古の森にだけ棲むというクマン魔蜂さん。その中でも特に大きくて力持ちで、冒険心も豊富。特技は特大はちみつ玉作り。


●ブラン

「雪をお口に入れるんだ!」から登場。

北の山に棲む輝竜。白銀に輝く美しい竜。瞳は古の森の湖と同じエメラルド色。年齢は120~130歳くらい、人間の姿は16~18歳くらい。
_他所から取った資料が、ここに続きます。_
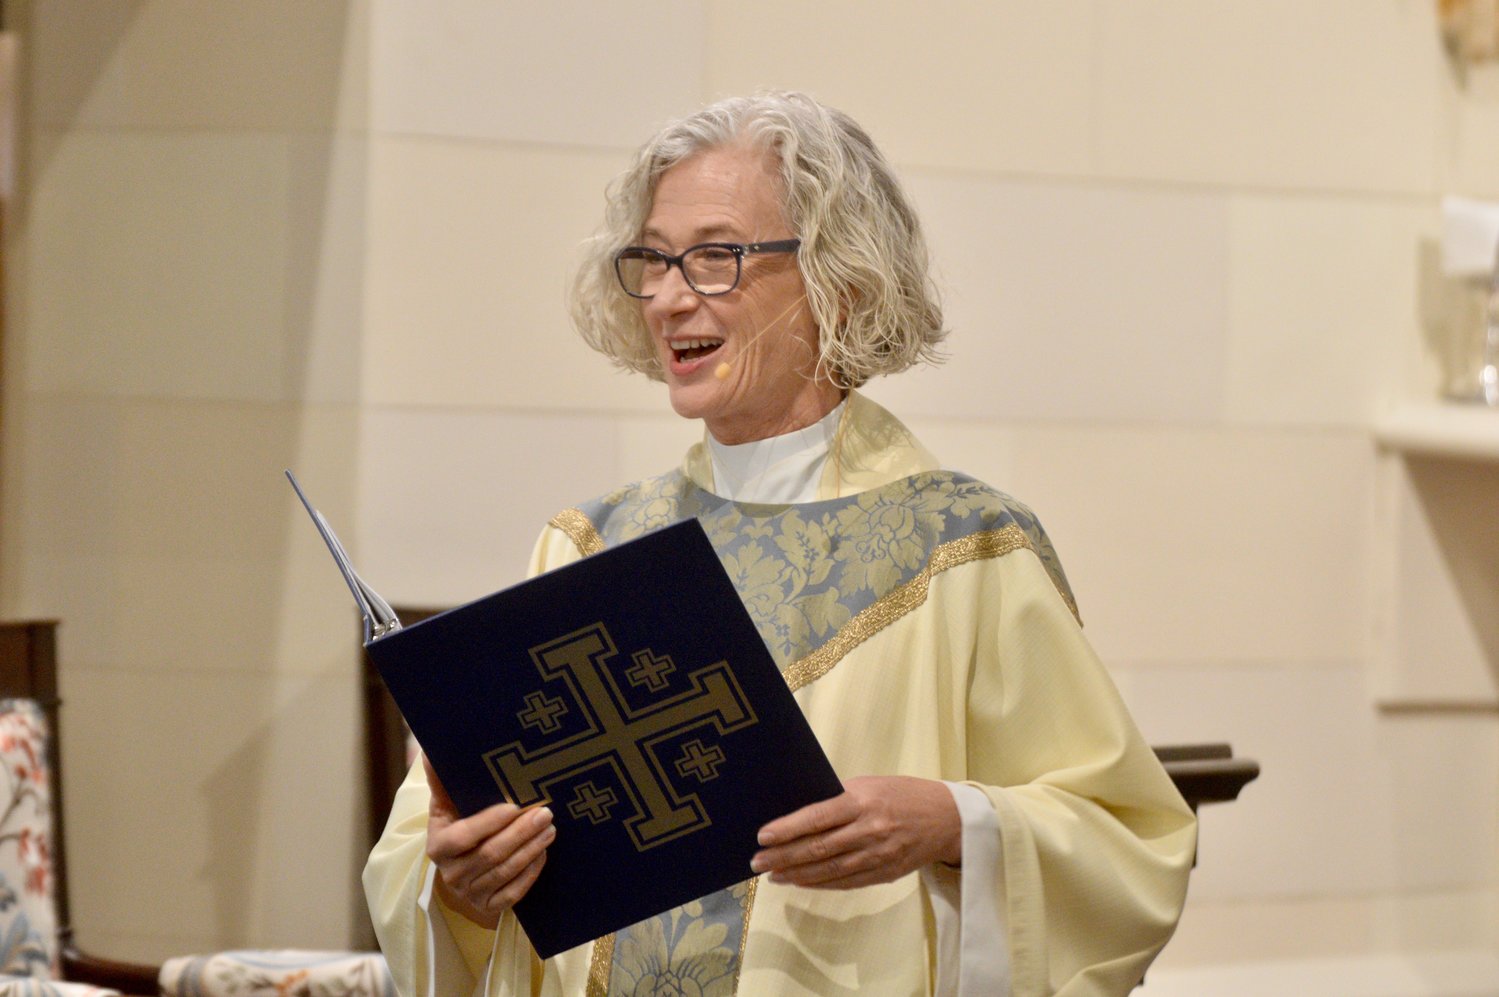 The Rev. Jennifer Pedrick, rector of St. Mary’s Episcopal Church, welcomes a full house of parishioners to the Nov. 13 morning service. “This beautiful house of prayer is a place to nourish and strengthen the living stone,” she said.

黒ドラちゃんの事を番認定しているものの、愛の道のりは遠く険しい。

魔術師が魔法を使う際に必要になる、魔石を作り出す力があり、国で重要視されているため、普段は国外へは出られない。魔石については、バルデーシュ国の代々の王と、なにやら契約をしているようす。その辺の事情はまだ明らかにはされていない……作者が人間を描くのが苦手なため、容姿については想像力の翼を広げてください。

●ゲルード

「雪をお口に入れるんだ!」から登場。

ゲルード=一応国一番の魔術師。

サラッサラの長く美しい金髪に透き通った青い目。見た目だけならスズロ王子と互角。けれどスズロ王子と魔術の事で頭の中がいっぱいの残念な存在。いつかイラスト化しようと思ってはいるが、ブランが描けないのと同じ理由でアイコンは……想像力の翼を鍛えてください。

●スズロ王子、20歳。バルデーシュの第一王子。

ゲルードとは幼馴染。金のクルクルっ毛、透き通った水色の瞳。妖精からも愛される、色んな意味で光り輝く王子様。

●マグノラさん

「おとなになるって、かゆいんだ!」から本格的に登場。

古の森近くにある、白いお花の森に棲む華竜。花を咲かせる植物や、そこからの実りを見守る存在。人間や動物も同じく、子どもを身ごもるものの守り竜と言われている。年齢は580歳くらいで、赤茶色の大きな体。ガラガラ声だが、基本的に穏やかで優しく面倒見が良い。

ブランが生意気盛りの頃、お灸をすえたことあり。


●ラウザー

「貝をお耳にあてるんだ!」から本格的に登場。

バルデーシュ国の南の方に広がる砂漠に棲んでいた陽竜。ブランより少し遅れて誕生、115~125歳くらい。人間の姿では16~18歳くらい。とにかく明るくて良い奴。体も鮮やかな橙色。ただし、その性質から棲んでいる場所に雨が降らなくなり砂漠化しやすい。お天気竜、お祭り竜などと人間からは呼ばれている。村の女の子に失恋して孤独感から魔力のゆらぎを起こし、がけっぷちの受験生ロータを呼び寄せることになった。